Der erste Verdächtige im Fall der in Portugal verschwundenen Madeleine hat jede Schuld von sich gewiesen. "Ich bin zum Sündenbock für etwas gemacht worden, das ich nicht getan habe", sagte der 33 Jahre alte Brite in der Nacht zum Mittwoch. Die Anschuldigungen hätten sein Leben und das seiner Familie "ruiniert". "Ich werde das nur überleben, wenn sie Madeleines Entführer erwischen." Er war zuvor Stunden lang verhört und als erster offizieller Verdächtiger benannt, jedoch nicht festgenommen worden.
Spurlos aus Zimmer verschwunden
Die vier Jahre alte Madeleine war am 3. Mai in einer Ferienanlage in Praia da Luz an der portugiesischen Algarve-Küste verschwunden. Seitdem fehlt jede Spur von ihr. Die Eltern hatten ihre drei Kinder - Madeleine und ihre beiden zweijährigen Geschwister - schlafend im Appartement zurückgelassen, während sie rund 50 Meter entfernt in der Ferienanlage zu Abend aßen. Die Polizei geht von einer Entführung aus und schließt nicht aus, dass Madeleine ins Ausland verschleppt wurde.
Die Kriminalpolizei teilte mit, dass gegen den 33-jährigen Robert Murat Anhaltspunkte für eine Verwicklung in die Entführung des britischen Mädchens vorlägen. Es gebe jedoch nicht genug Hinweise, um ihn zu verhaften oder festzunehmen. Der Mann muss sich regelmäßig bei der Polizei melden. Die Ermittler wollten am Mittwoch Material untersuchen, das sie bei der Durchsuchung des Hauses, in dem er wohnte, sichergestellt hatte.
Zum Tatzeitpunkt mit Mutter gegessen
Die Polizei durchsuchte auch Murats Haus, das nur sich nur 100 Meter entfernt von dem Bungalow entfernt liegt, aus dem Madeleine vor 13 Tagen verschwand. Hinweise auf den Briten hatte eine britische Journalisten geliefert, der das Interesse des Mannes an den Ermittlungen aufgefallen war. Angehörige Murats erklärten, er habe zum Zeitpunkt von Madeleines Verschwinden mit seiner Mutter zu Abend gegessen. Dem Sender Sky News sagte er nach einem Bericht der Nachrichtenagentur PA, er sei an dem Abend um 19.00 Uhr nach Hause gekommen und habe von der Suche nach dem Mädchen erst am nächsten Morgen erfahren.

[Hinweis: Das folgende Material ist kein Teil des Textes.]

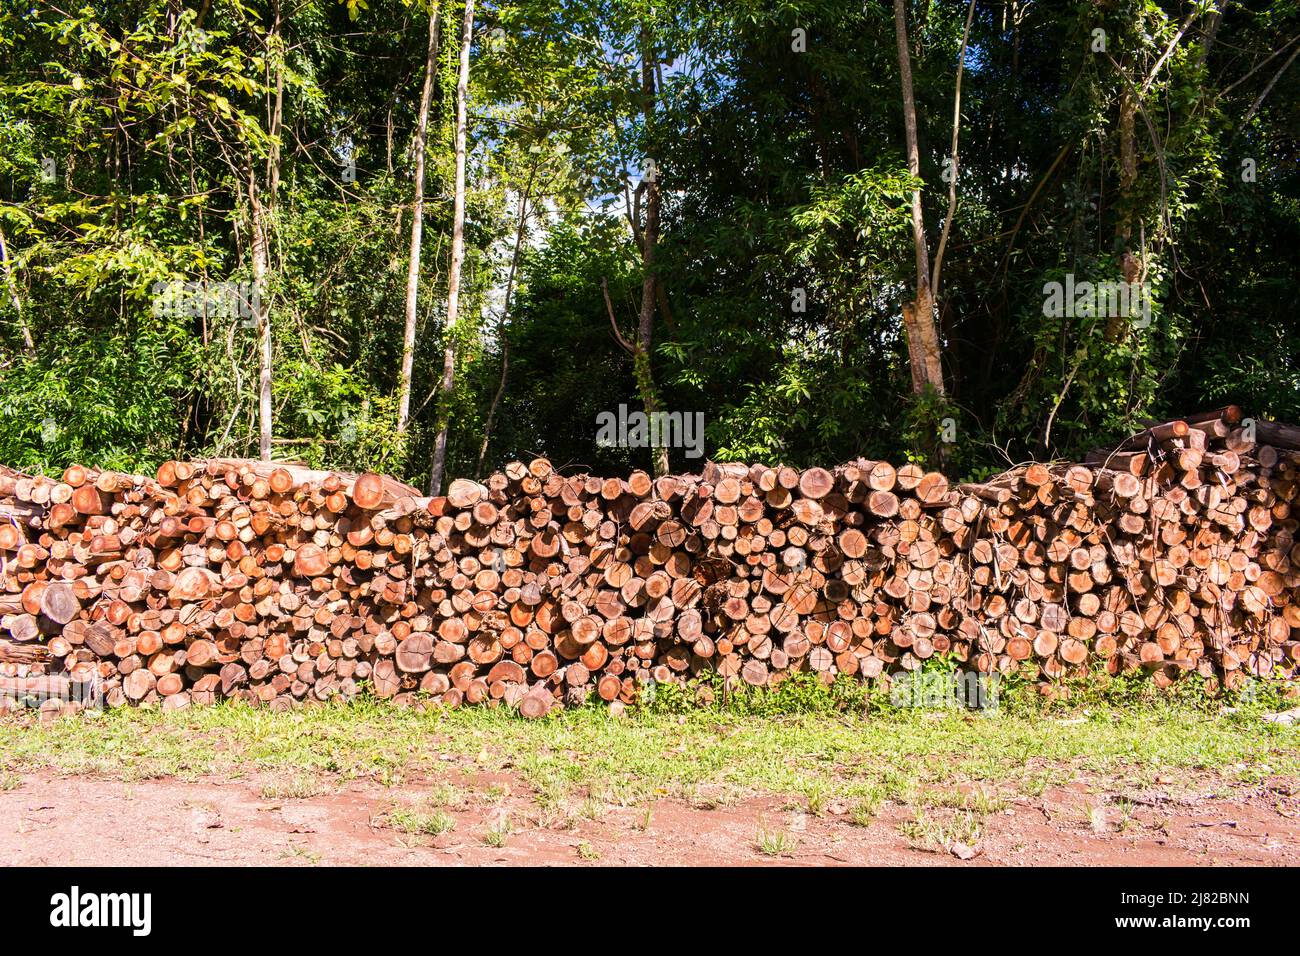 Holzstapel in der Landschaft von Tres Coroas, Rio Grande do Sul - Brasilien Stockfoto

Wie die Zeitung "Diàrio de Notícias" berichtete, gehen die Ermittler davon aus, dass das Kind noch am Leben ist und in einem Versteck gefangen gehalten wird. Die Fahnder gingen deshalb äußerst behutsam vor, um das Leben des Mädchens nicht zu gefährden. Chefermittler Olegàrio Sousa sagte, die Polizei habe "sichere Anhaltspunkte" dafür, was mit ihm geschehen sei.
Gewalt-Pornos auf dem Computer
Der in Portugal aufgewachsene Brite und seine Mutter (71), die seit mehr als vier Jahrzehnten in Praia da Luz lebt, hatten sich gleich nach dem Verschwinden Madeleines als freiwillige Helfer und Dolmetscher angeboten. Die Villa der Mutter war durchsucht worden, Computer und Mobiltelefone wurden sichergestellt. Der 33-Jährige gab an, zur Zeit der Entführung mit seiner Mutter gegessen zu haben.
Da die Polizei äußerst verschwiegen ist, wird in den Medien viel spekuliert. Das "Jornal de Notícias" schrieb, die Ermittler hätten im Computer des Verdächtigen pornografisches Material mit Aufnahmen gewaltsamer Sexszenen gefunden. Die Zeitung "Correio da Manhã" will erfahren haben, dass die Polizei nach einem Russen fahnde, der zum Bekanntenkreis des Verdächtigen gehört habe und wegen Sexualvergehen vorbestraft sei.
Nach britischen Medienberichten handelt es sich bei den beiden anderen von der Polizei befragten Zeugen um die deutsche Geliebte des 33-Jährigen und ihren Mann. Alle kamen wieder auf freien Fuß. Wie der "Daily Mirror" schreibt, könnte es sich bei allen drei um jene Personen handeln, die nach der Entführung von einer Videokamera an einer Tankstelle aufgenommen wurden.